# Loop 90 Strategic Analysis

## Critical Situation Assessment

**CV-LB Relationship:** LB = 4.34 * CV + 0.0523 (R² = 0.957)

**The Intercept Problem:**
- Intercept: 0.0523
- Target: 0.0347
- **The intercept ALONE exceeds the target!**
- Required CV for target: (0.0347 - 0.0523) / 4.34 = -0.004 (IMPOSSIBLE)

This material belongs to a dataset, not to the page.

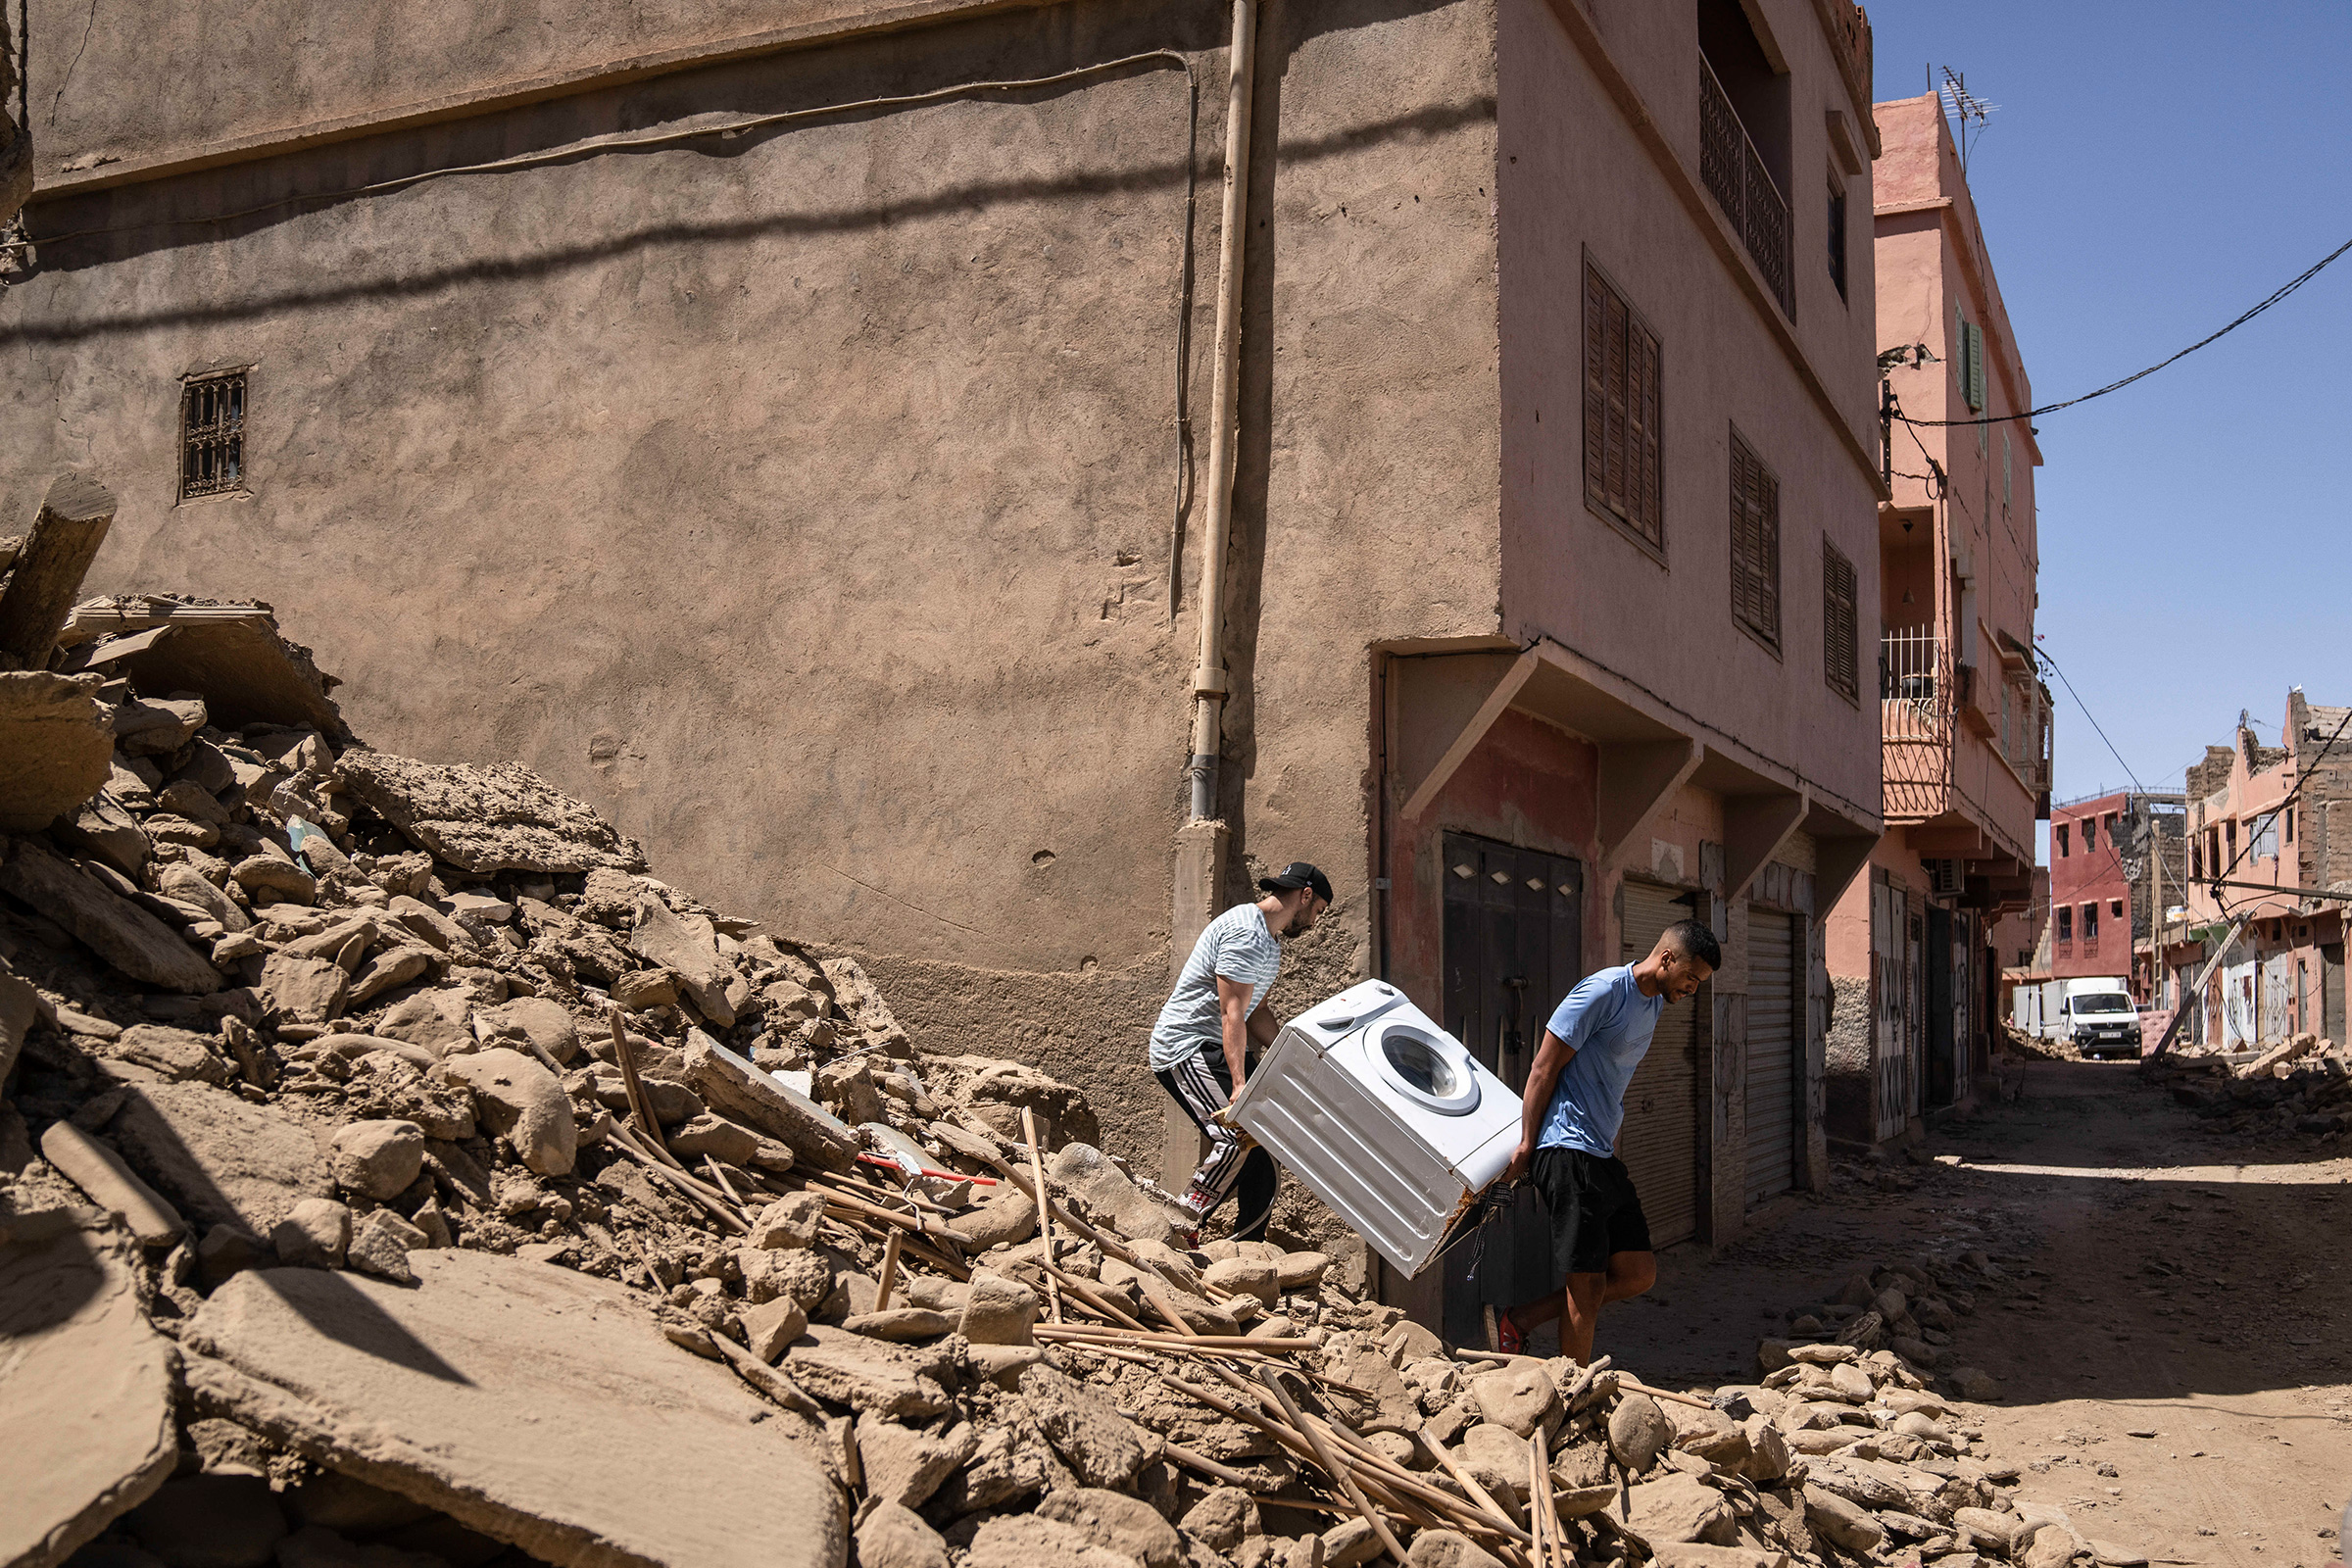 People recover a washing machine from their home that was damaged by the earthquake, in the town of Amizmiz, near Marrakech, Morocco, on Sept. 10. An aftershock rattled Moroccans on Sunday as they prayed for victims of the nation’s strongest earthquake in more than a century and toiled to rescue survivors while soldiers and workers brought water and supplies to desperate mountain villages in ruins.  (Mosa'ab Elshamy—AP)

**This means:** No amount of CV optimization can reach the target with current approaches.

In [None]:
import numpy as np
import matplotlib.pyplot as plt

# Verified submissions data
submissions = [
    ('exp_000', 0.011081, 0.09816),
    ('exp_001', 0.012297, 0.10649),
    ('exp_003', 0.010501, 0.09719),
    ('exp_005', 0.01043, 0.09691),
    ('exp_006', 0.009749, 0.09457),
    ('exp_007', 0.009262, 0.09316),
    ('exp_009', 0.009192, 0.09364),
    ('exp_012', 0.009004, 0.09134),
    ('exp_024', 0.008689, 0.08929),
    ('exp_026', 0.008465, 0.08875),
    ('exp_030', 0.008298, 0.08772),
    ('exp_035', 0.009825, 0.09696),
    ('exp_067', 0.008303, 0.08774),
]

cvs = np.array([s[1] for s in submissions])
lbs = np.array([s[2] for s in submissions])

# Linear regression
slope, intercept = np.polyfit(cvs, lbs, 1)
predicted = slope * cvs + intercept
ss_res = np.sum((lbs - predicted) ** 2)
ss_tot = np.sum((lbs - np.mean(lbs)) ** 2)
r2 = 1 - (ss_res / ss_tot)

print(f'CV-LB Relationship: LB = {slope:.4f} * CV + {intercept:.4f}')
print(f'R² = {r2:.4f}')
print(f'\nIntercept: {intercept:.4f}')
print(f'Target LB: 0.0347')
print(f'\nRequired CV for target: ({0.0347} - {intercept:.4f}) / {slope:.4f} = {(0.0347 - intercept) / slope:.6f}')
print('\n*** IMPOSSIBLE: Would need NEGATIVE CV ***')

In [None]:
# Visualize the CV-LB relationship
plt.figure(figsize=(10, 6))
plt.scatter(cvs, lbs, c='blue', s=100, label='Verified Submissions')

# Fit line
cv_range = np.linspace(0, 0.015, 100)
lb_fit = slope * cv_range + intercept
plt.plot(cv_range, lb_fit, 'r--', label=f'Fit: LB = {slope:.2f}*CV + {intercept:.4f}')

# Target line
plt.axhline(y=0.0347, color='green', linestyle=':', linewidth=2, label='Target LB = 0.0347')

# Intercept
plt.axhline(y=intercept, color='orange', linestyle='--', alpha=0.7, label=f'Intercept = {intercept:.4f}')

plt.xlabel('CV Score')
plt.ylabel('LB Score')
plt.title('CV-LB Relationship Analysis\n(Intercept > Target = IMPOSSIBLE with current approaches)')
plt.legend()
plt.grid(True, alpha=0.3)
plt.tight_layout()
plt.savefig('/home/code/cv_lb_analysis_loop90.png', dpi=150)
plt.show()

print(f'\nGap between intercept and target: {intercept - 0.0347:.4f}')
print('This gap represents STRUCTURAL distribution shift that no model tuning can fix.')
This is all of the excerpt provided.